À cet égard, il importe peu que le chemin litigieux figure tel que mentionné au cadastre sur la simple photocopie d'une carte IGN, non datée, produite par l'Association pour la protection et l'entretien des chemins ruraux non reconnus (pièce 6 association), alors que la SCI de la Mordorée communique la photocopie d'une carte de randonnée IGN sur laquelle ce chemin n'est pas mentionné (pièce 18 SCI).
Est indifférent à la qualification du chemin litigieux en chemin rural ou en chemin d'exploitation le fait qu'aient été rapportés dans la Presse de la Manche du 29 février 1992 les propos du gérant de la SCI de la Mordorée selon lesquels il ne revendiquait pas la propriété dudit chemin, la qualification de ce dernier en chemin rural dépendant de son usage.
Ainsi, sans qu'il soit utile à la solution du litige d'ordonner un transport sur les lieux comme demandé à titre subsidiaire par l'appelante, le chemin litigieux ne peut être considéré comme étant, de manière générale, continue et actuelle, utilisé comme voie de passage.
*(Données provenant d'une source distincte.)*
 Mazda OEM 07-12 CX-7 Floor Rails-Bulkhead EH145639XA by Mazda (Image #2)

À défaut de preuve de son affectation à l'usage du public, il ne saurait être qualifié de chemin rural tel que défini par les articles L. 161-1 à L. 161-3 du code rural et de la pêche maritime.
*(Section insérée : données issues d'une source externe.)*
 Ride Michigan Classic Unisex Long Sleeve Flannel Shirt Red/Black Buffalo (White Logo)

Le jugement entrepris sera donc infirmé et, la cour statuant à nouveau, il sera dit que le chemin dit de [Localité 15] aux [Localité 20] tel qu'il figure sur les relevés cadastraux de 1959 et du 7 novembre 2012, mentionné comme reliant la route départementale n°66 de [Localité 3] à [Localité 23] à la route départementale n°422 de [Localité 24] à [Localité 22], ne constitue pas un chemin rural.
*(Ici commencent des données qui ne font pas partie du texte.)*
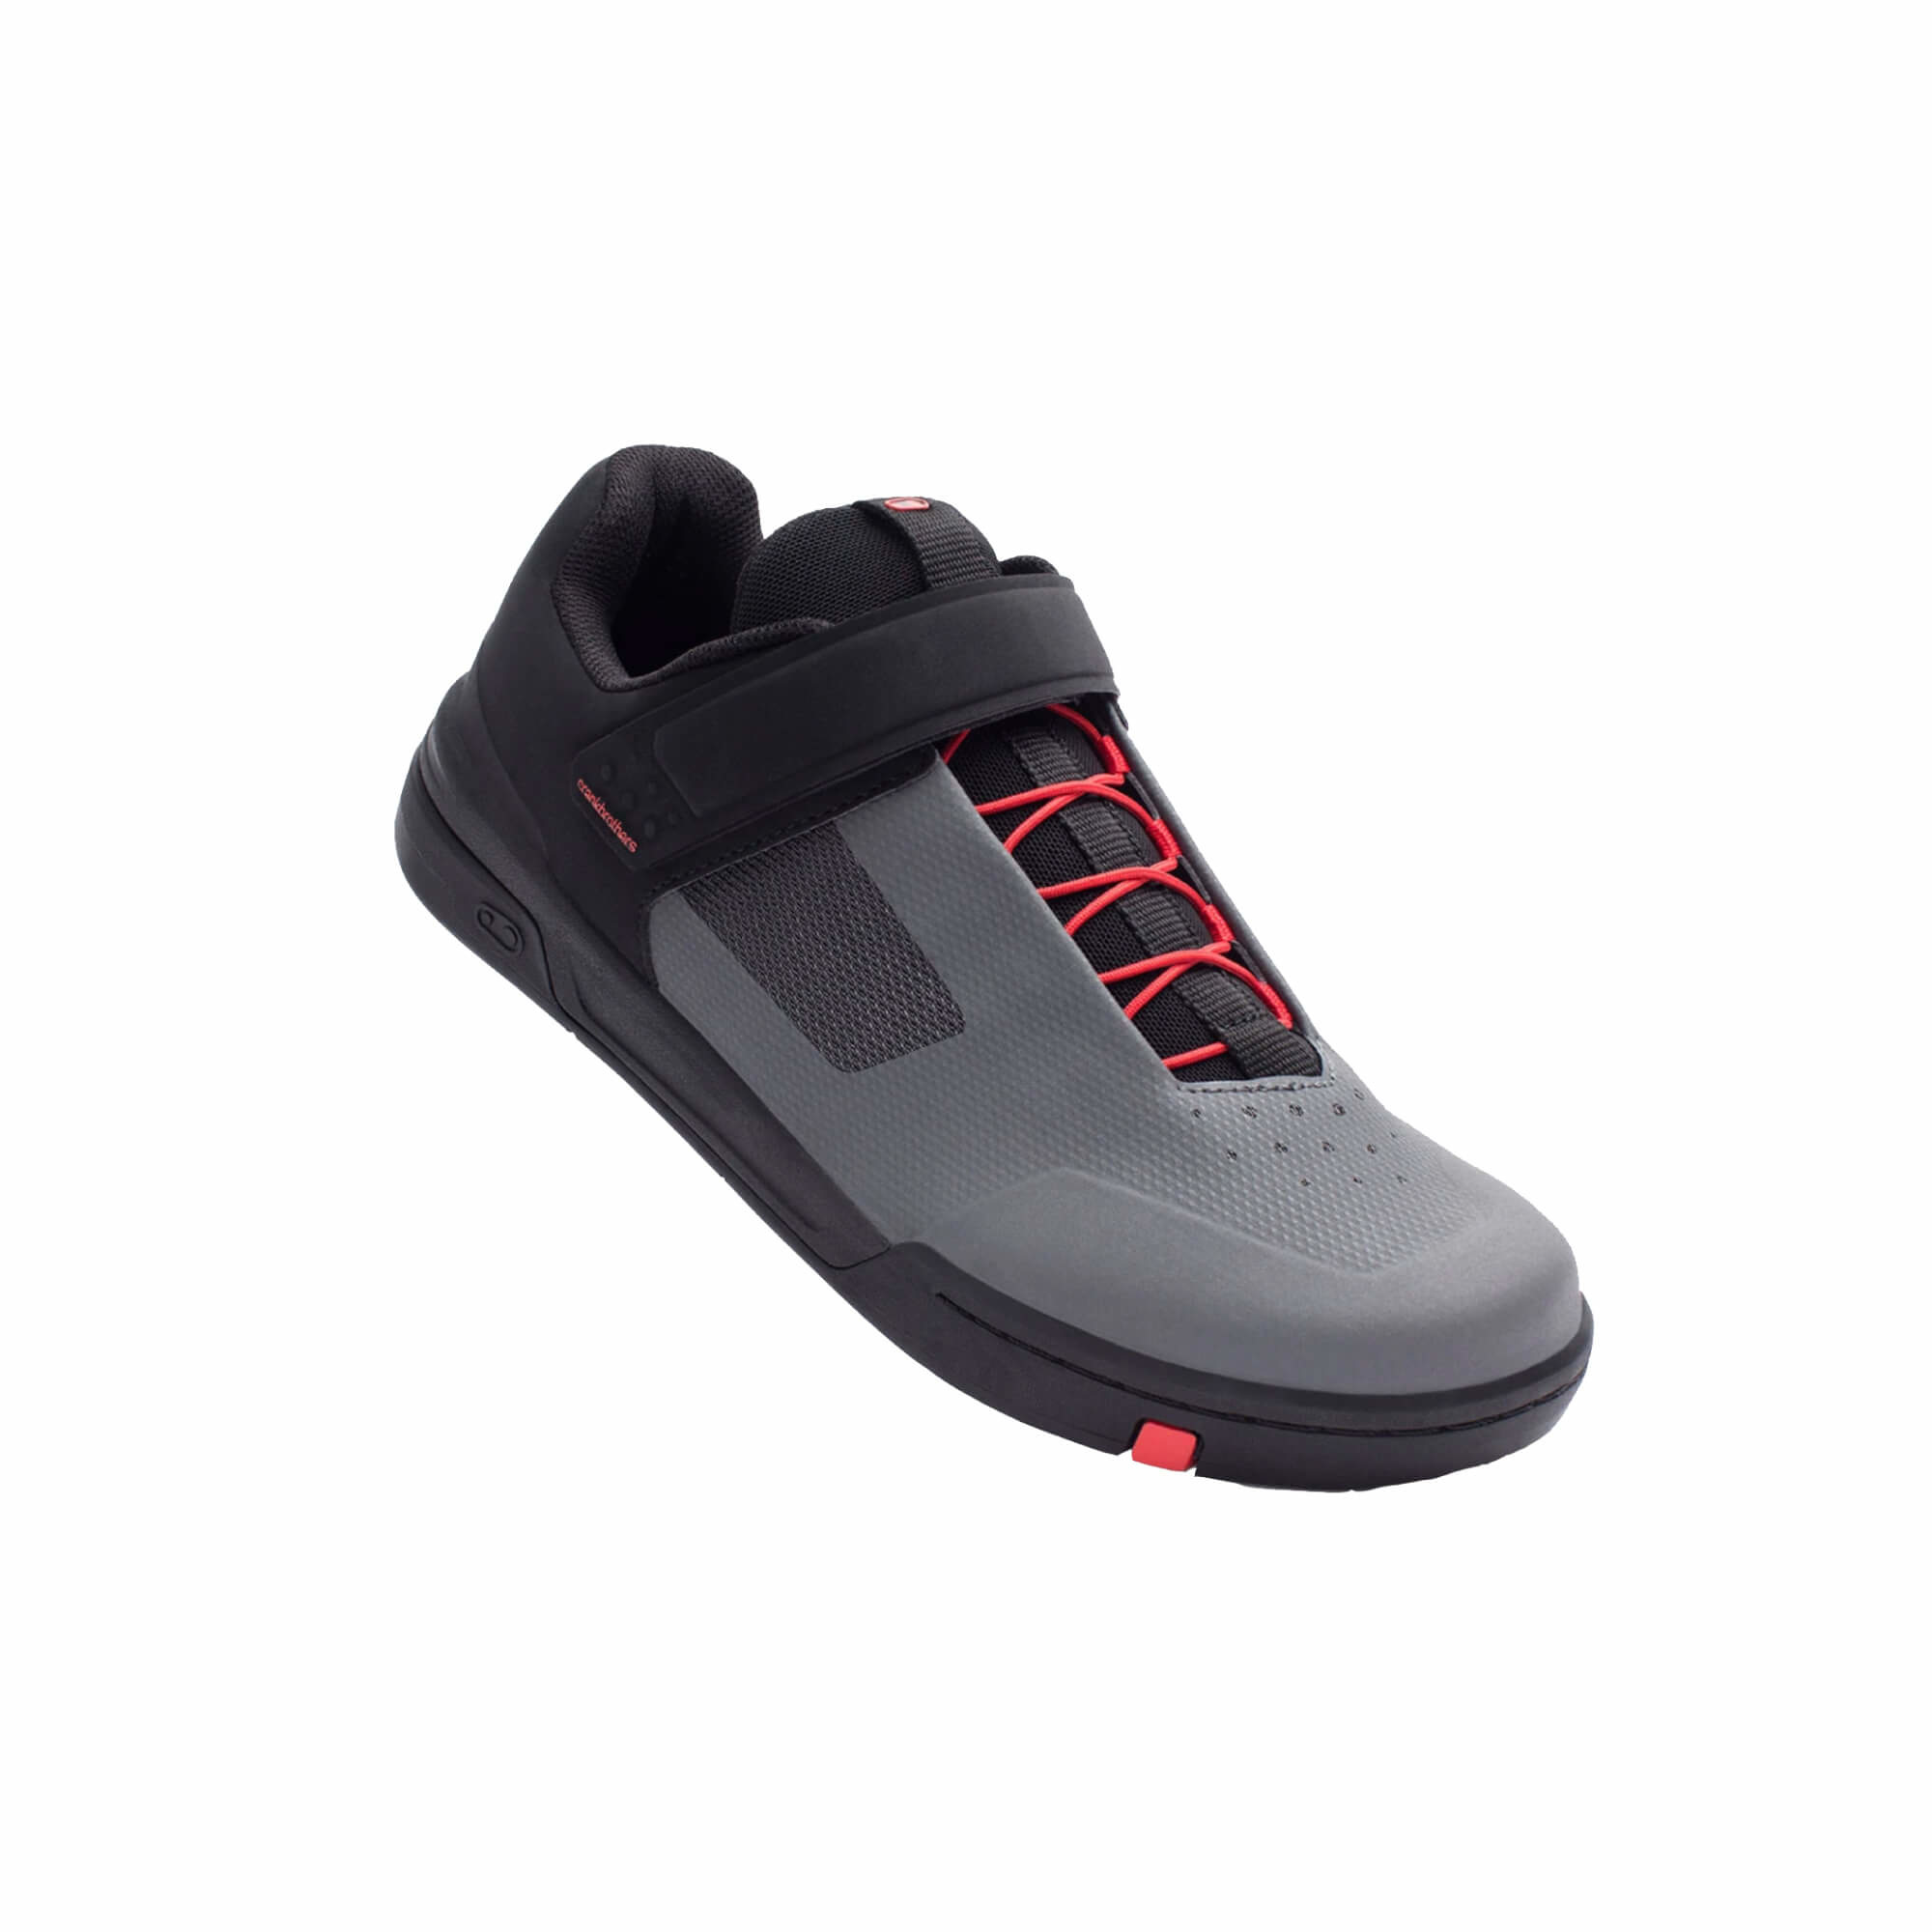 Shoes Stamp Speedlace Flat-3

En conséquence, l'Association pour la protection et l'entretien des chemins ruraux non reconnus et la commune de [Localité 3] seront déboutées de toutes leurs prétentions à l'encontre de la SCI de la Mordorée.
3. Sur la demande indemnitaire de l'association
La solution donnée au litige conduit à confirmer le rejet de la demande indemnitaire formée par l'Association pour la protection et l'entretien des chemins ruraux non reconnus.
4. Sur les demandes accessoires
Les dispositions du jugement entrepris relatives aux frais irrépétibles et aux dépens de première instance seront infirmées.
La commune de [Localité 3] et l'Association pour la protection et l'entretien des chemins ruraux non reconnus, qui succombent, seront condamnés aux dépens de première instance et d'appel, déboutées de leur demande d'indemnité de procédure et condamnées à payer à la SCI de la Mordorée la somme de 2.000 euros sur le fondement de l'article 700 du code de procédure civile.
PAR CES MOTIFS
La cour, statuant publiquement, par arrêt contradictoire mis à disposition au greffe,
Confirme le jugement entrepris en ce qu'il a déclaré recevable l'action de l'Association pour la protection et l'entretien des chemins ruraux non reconnus et en ce qu'il a débouté celle-ci de sa demande indemnitaire ;
Infirme le jugement entrepris en ses autres dispositions soumises à la cour ;
Statuant à nouveau du chef des dispositions infirmées et y ajoutant,
Déboute l'Association pour la protection et l'entretien des chemins ruraux non reconnus - commune [Localité 24]- dite Collectif mars 2012 et la commune de [Localité 3] de leur demande tendant à voire juger que le chemin dit de [Localité 15] aux [Localité 20] tel qu'il figure sur les relevés cadastraux de 1959 et du 7 novembre 2012, mentionné comme reliant la route départementale n°66 de [Localité 3] à [Localité 23] à la route départementale n°422 de [Localité 24] à [Localité 22], constitue un chemin rural ;
Déboute l'Association pour la protection et l'entretien des chemins ruraux non reconnus - commune [Localité 24]- dite Collectif mars 2012 et la commune de [Localité 3] de toutes leurs prétentions à l'encontre de la SCI de la Mordorée ;
Condamne la commune de [Localité 3] et l'Association pour la protection et l'entretien des chemins ruraux non reconnus -commune [Localité 24]- dite Collectif mars 2012 aux dépens de première instance et d'appel, qui pourront être recouvrés directement par Me Laurence Martin, avocate, selon les modalités prévues à l'article 699 du code de procédure civile, et à payer à la SCI de la Mordorée la somme de 2.000 euros sur le fondement de l'article 700 du code de procédure civile.